Virginia Woolf's Final Decade


Today is the anniversary of Virginia Woolf's death in 1941. Tomorrow, I defend a doctoral dissertation with a chapter on Woolf's 1937 novel The Years, and I have spent much of last few years studying Woolf's writings and life in the 1930s especially. Here, a few thoughts on that.

Woolf's last decade is under-appreciated both by general readers and by scholars, although there seems to be growing scholarly interest in her final, not-quite-finished novel Between the Acts. ("Under-appreciated" is, of course, relative — Woolf is one of the most-studied writers of the 20th century, and many of her contemporaries don't have even a small percentage of the attention for their entire ouevres that Woolf has for her least-read writings.) The relative lack of interest in Woolf's life and work after The Waves has various sources, many of them having to do with why readers are attracted to Woolf in the first place. Her achievement with Mrs. Dalloway, To the Lighthouse, and The Waves is one of the great literary triumphs of the 20th century — these books reconfigured the novel as a form and the language as a medium. (Orlando, her first bestseller, isn't far behind as an achievement.) She wrote hundreds of essays, with many of her most powerful statements about aesthetics and literature being in the essays of the 1920s, and she finished the decade with A Room of One's Own, one of the most influential essays of the century. It's no surprise that the 1920s is the decade focused on by the majority of Woolf scholarship, and that decade's work what most readers are familiar with. That focus, though, does have an effect on how Woolf is perceived as both a person and a writer.

To see just how dominant the 1920s are in perceptions of Woolf, look at the best biography of her, Hermione Lee's from the mid-'90s, which is remarkable in all sorts of ways but disappointing in its coverage of the 1930s. (If you want to know how much Lee skims over, read Herbert Marder's The Measure of Life: Virginia Woolf's Last Years. It's not as artful as Lee's biography, but it's a necessary addition to it. Also valuable: the last section of Alison Light's extraordinary Mrs. Woolf and the Servants.)

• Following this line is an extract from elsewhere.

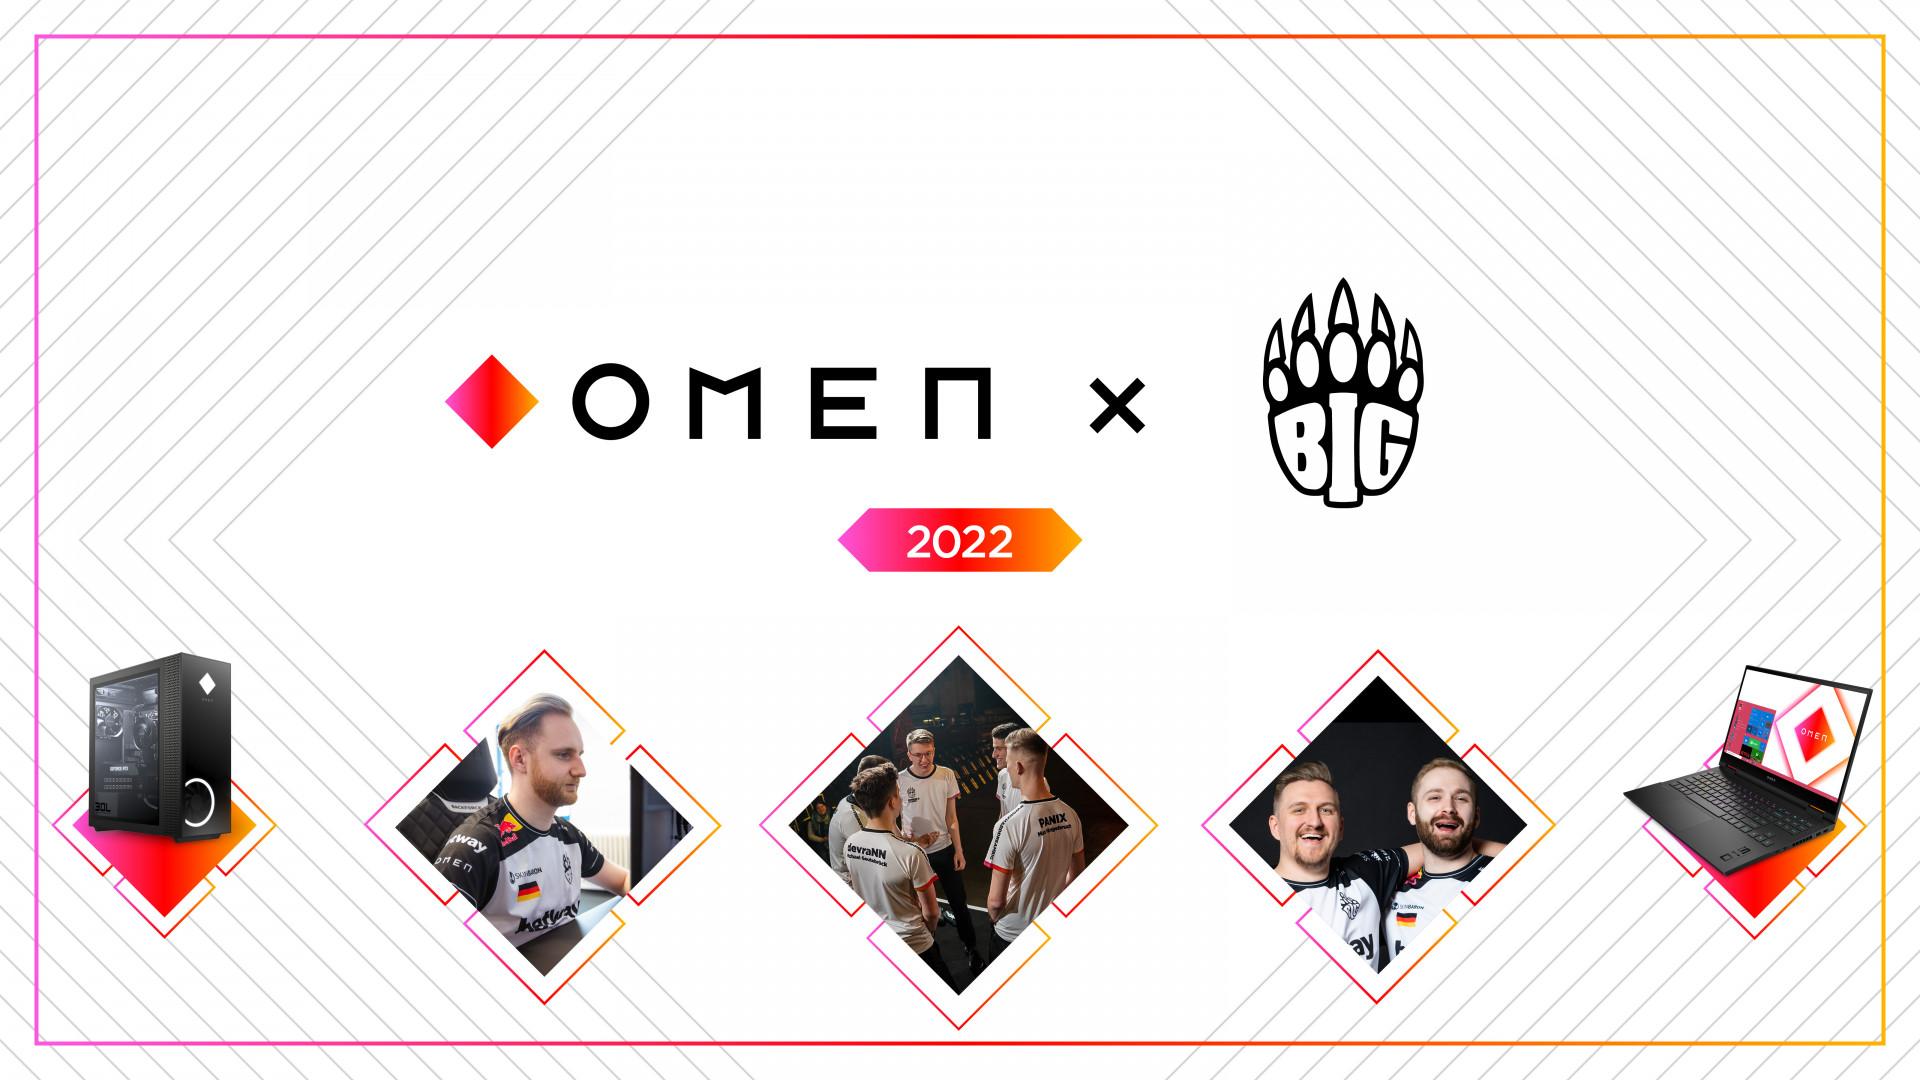 BIG expands partnership with OMEN thumbnail

My own academic study has mostly focused on The Years, which I wrote about a few years ago here as I was beginning work on it; more recently, I have an article in the latest Woolf Studies Annual (vol. 24), "The Reader Awakes: Pedagogical Form and Utopian Impulse in The Years". I'll have a few words for it below. However, if there were one post-Waves Woolf book that I would want to put in everyone's hands right now, it would be Three Guineas in the Harcourt edition that Jane Marcus edited. Lots of people hate this book. It is Woolf's most developed, strident, and often angry statement against militarism, fascism, and patriarchy. Its critiques are as bracing and necessary today as they were in 1938. That does not make it an easy read, because Woolf's ideas do not separate fascism, militarism, patriotism, nationalism, despotism, and patriarchy — while most readers are likely to disapprove of any one of those things, few readers reject them all, and so the links Woolf makes are ones that raise the blood pressure of nearly everyone who encounters her text. That she does all this via a complex structure of narrative voices and literary and historical allusions only makes it all the more difficult to parse exactly what she is advocating at any one moment. It is a book that confronts and confounds. As such, it is uniquely clarifying when read carefully.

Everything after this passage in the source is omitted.